Ruhl's How to transcend a happy marriage is an exploration of polyamory as an alternative to the poisonous implications of the nuclear family. What is love, and how do we locate its meaning beyond the cliches of the present--those that so often bear romantic implications?
There is the pervasive belief in Western society that love can only exist in its highest and purest form when it is shared between two people. This belief has ossified the nuclear family's place in society, a system that is classist in its severance of people from a large community that can economically support them. When we choose to extend the family beyond two people--with terms such as godfather, godmother, best man, and maid of honor--we are limiting the types of love that can exist in a nuclear-family society, to ones that merely orbit an elevated relationship shared by two people.
This play is heartfelt and humorous, and I enjoyed reading it a lot. As I'm watching Friends right now, I am also thinking about how the possibility for long-lasting, healthy friend groups are so often torn apart by the possessive feelings of love that we display both romantically and platonically.
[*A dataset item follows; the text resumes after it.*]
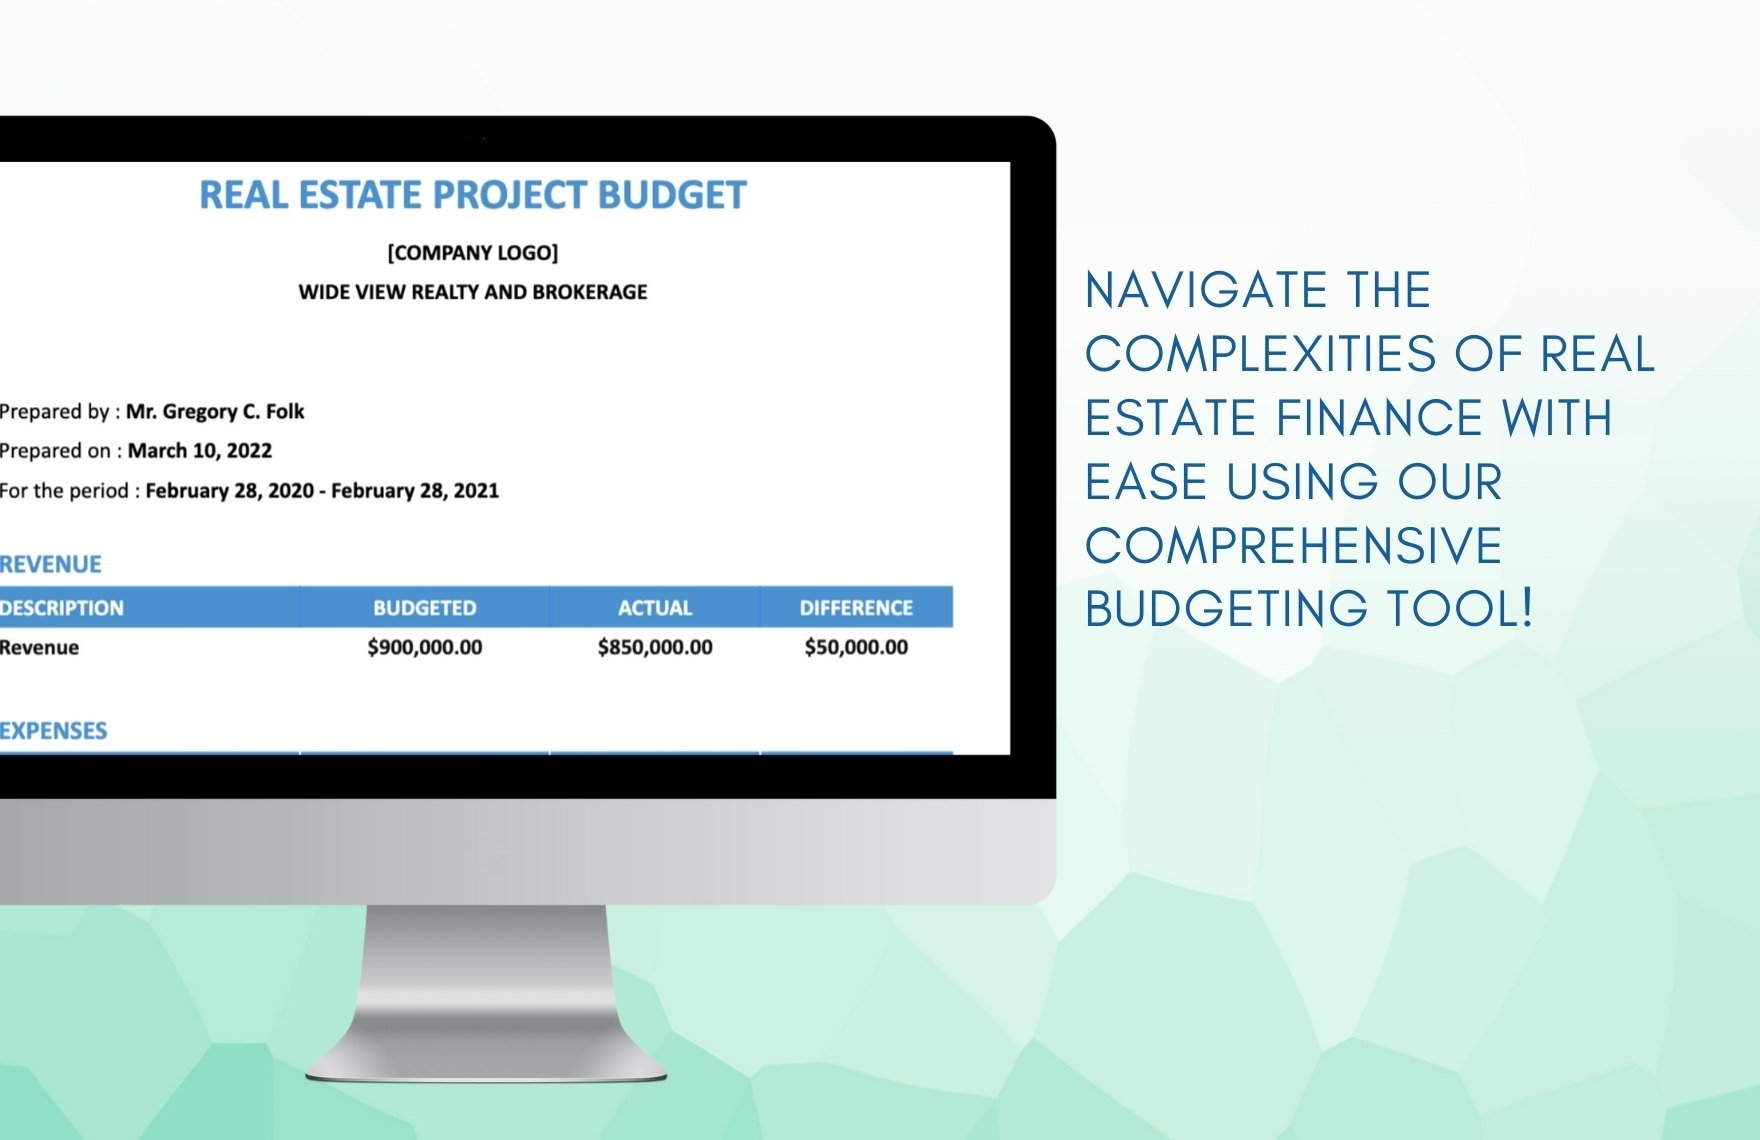 Real Estate Project Budget Template
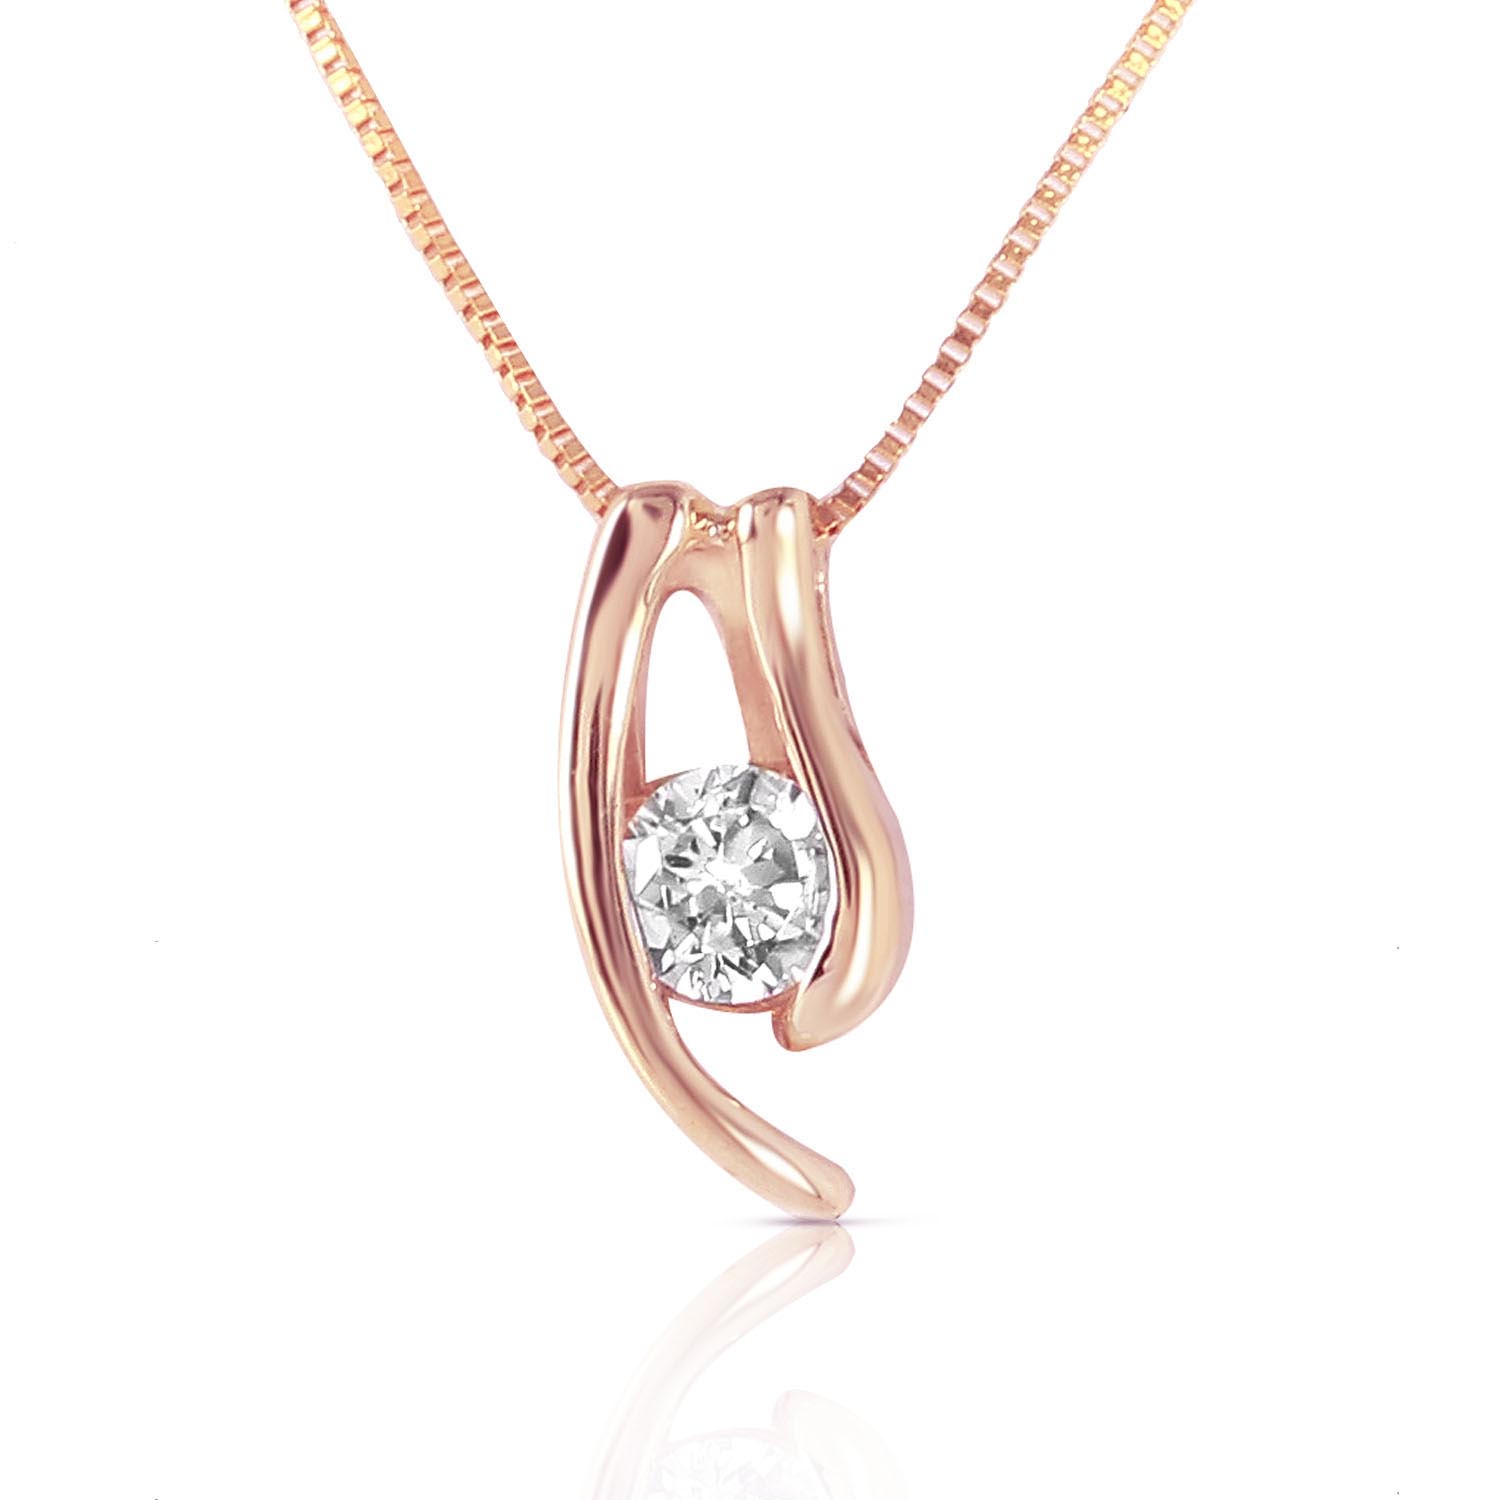 Round Cut Diamond Pendant Necklace 0.15 ct in 9ct Rose Gold

There are times when the play is a little heavy-handed in its approach, and moments which seemed neither here nor there for me, but. It was fun!
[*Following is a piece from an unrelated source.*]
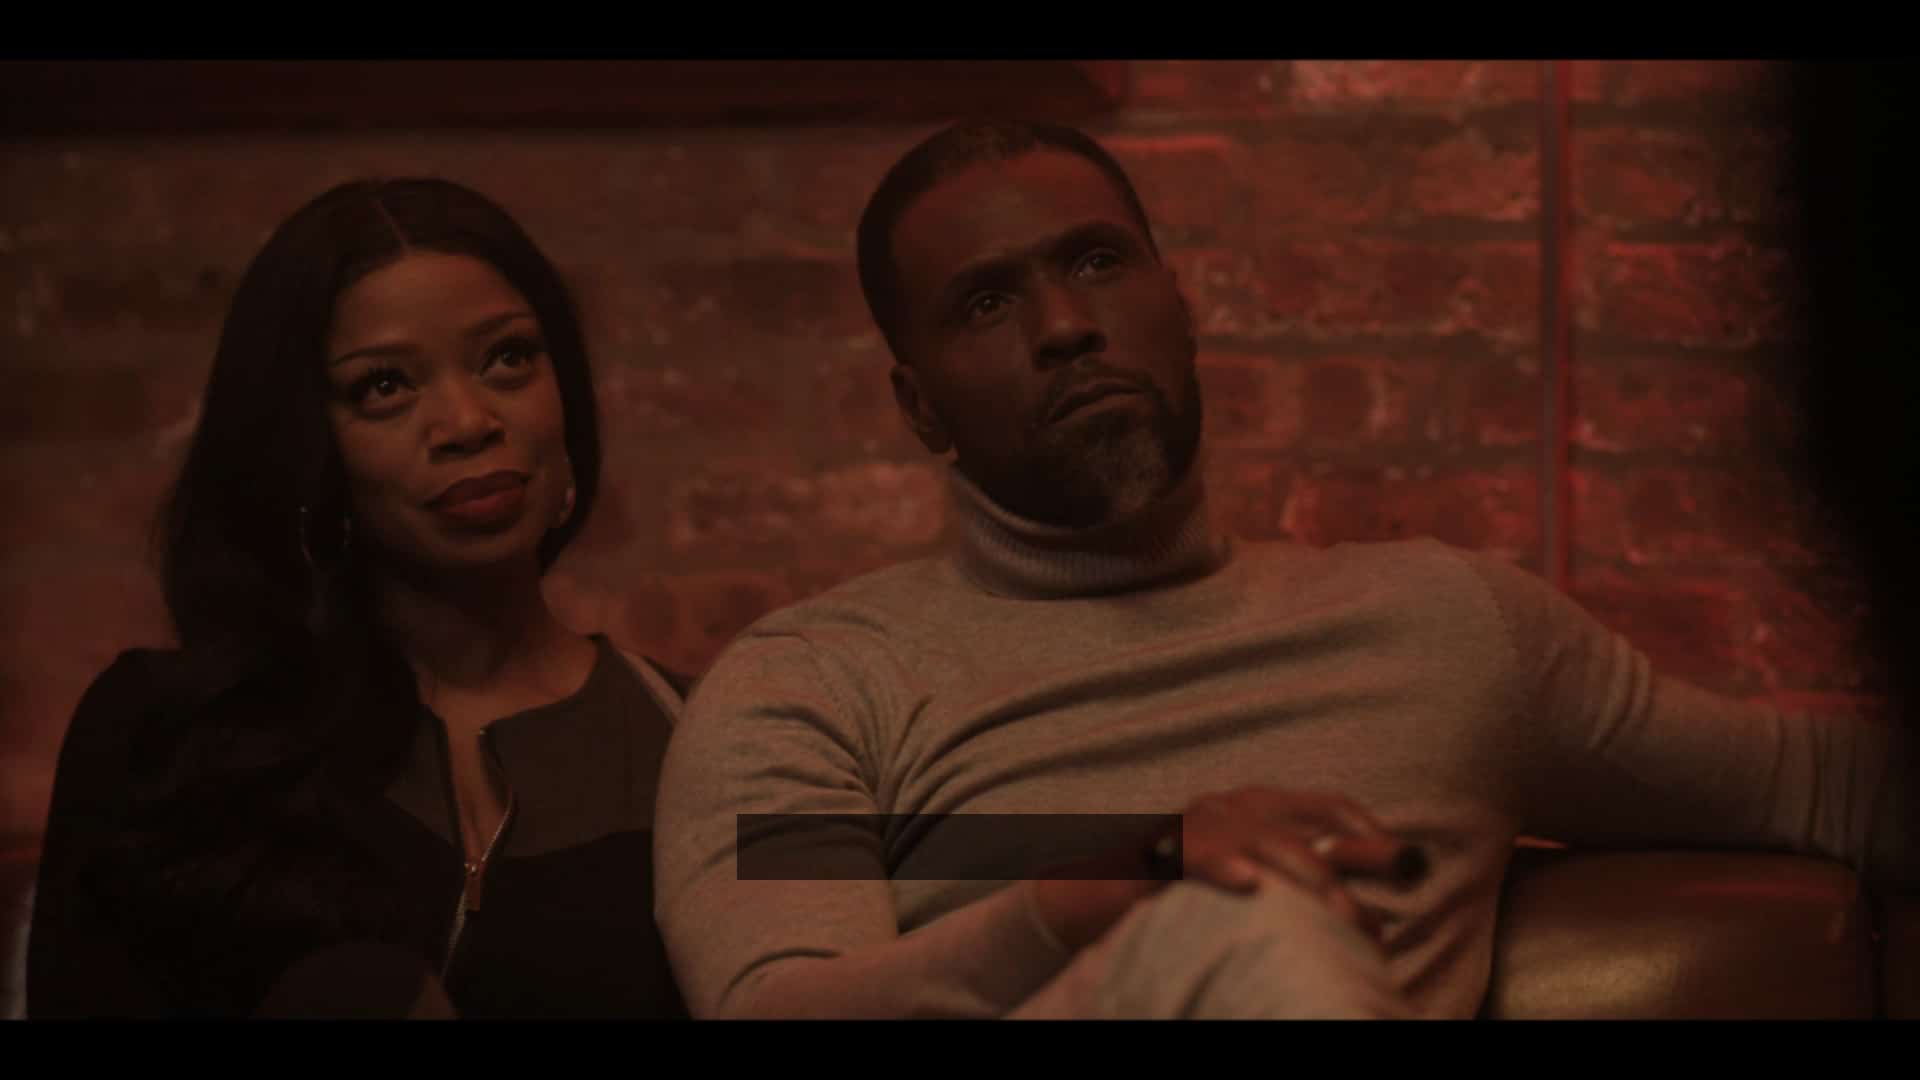 Bianca (Jill Marie Jones) and Douda (Curtiss Cook) sitting together

Sarah Ruhl's plays are so wonderful. Her words are magic. How to Transcend a Happy Marriage was beautiful. The exchange about conjugating love is one of the most romantic things I've ever read and I adored the anecdote about the dying woman teaching her husband to cook all the favorite meals she had made. Reading Sarah Ruhl is like breathing fresh air.
What’s interesting to me is, in looking at Ruhl’s work that I’ve read overall, I’ve gone from being “meh” (“Dead Man’s Cellphone,” “Orlando/Three Sisters”) to really loving her attack on a wide variety of stories (the family story in “To Peter Pan...,” the theatrical history of the “Passion Play”). Her artistic curiosity is her brand. And it pays off with heartfelt, funny poetic pieces that engage the audience with her enthusiasm for her characters and their challenges.
And, in turning to the subject of love in the age of sexual positivity and polyamory, she manages to fulfill on the titular verb and create a transcendent experience for the reader, and I would imagine the audience as well.
Ruhl tackles taboos of exploring sexuality as an adult, and the never ending drive we seem to have to keep moving forward- to ‘trancend’. She does this beautifully with quick and lighthearted comedy, but manages to be sincere when she needs to. When the story takes an absurdist turn, it becomes clear that characters, events and motivations might not have been what they seemed- all of this in parallel with the characters’ realisations about their own lives. In the end, ‘Trancending a Happy Marriage’ is a story about reevaluating ones own expectations of life. Maybe I’ll reread this when I too am “in my late forties or so,” and maybe then it will earn it’s 5th star.
One-and-a-half stars. Felt a bit surface-level, like "I just read about this thing. I think I'll write about it!" I can't imagine people who know polyamorous people or polyamorous people themselves finding this particularly representative, even if it is meant to be a comedy (not that the comedy is all at the polyamorous characters' expense).
How to Transcend a Happy Marriage was such a joy to read. It pokes fun at suburban propriety as it explores transcendent love. I hope to one day see this play performed.
Love the concept and the references to The Ethical Slut, but didn't connect with this play as much as a lot of Ruhl's other work. Some really beautiful pieces of dialogue though!
There were some interesting elements in this, but ultimately too trippy and inconsequential for me. I also think it would need to be staged very well to pull it off.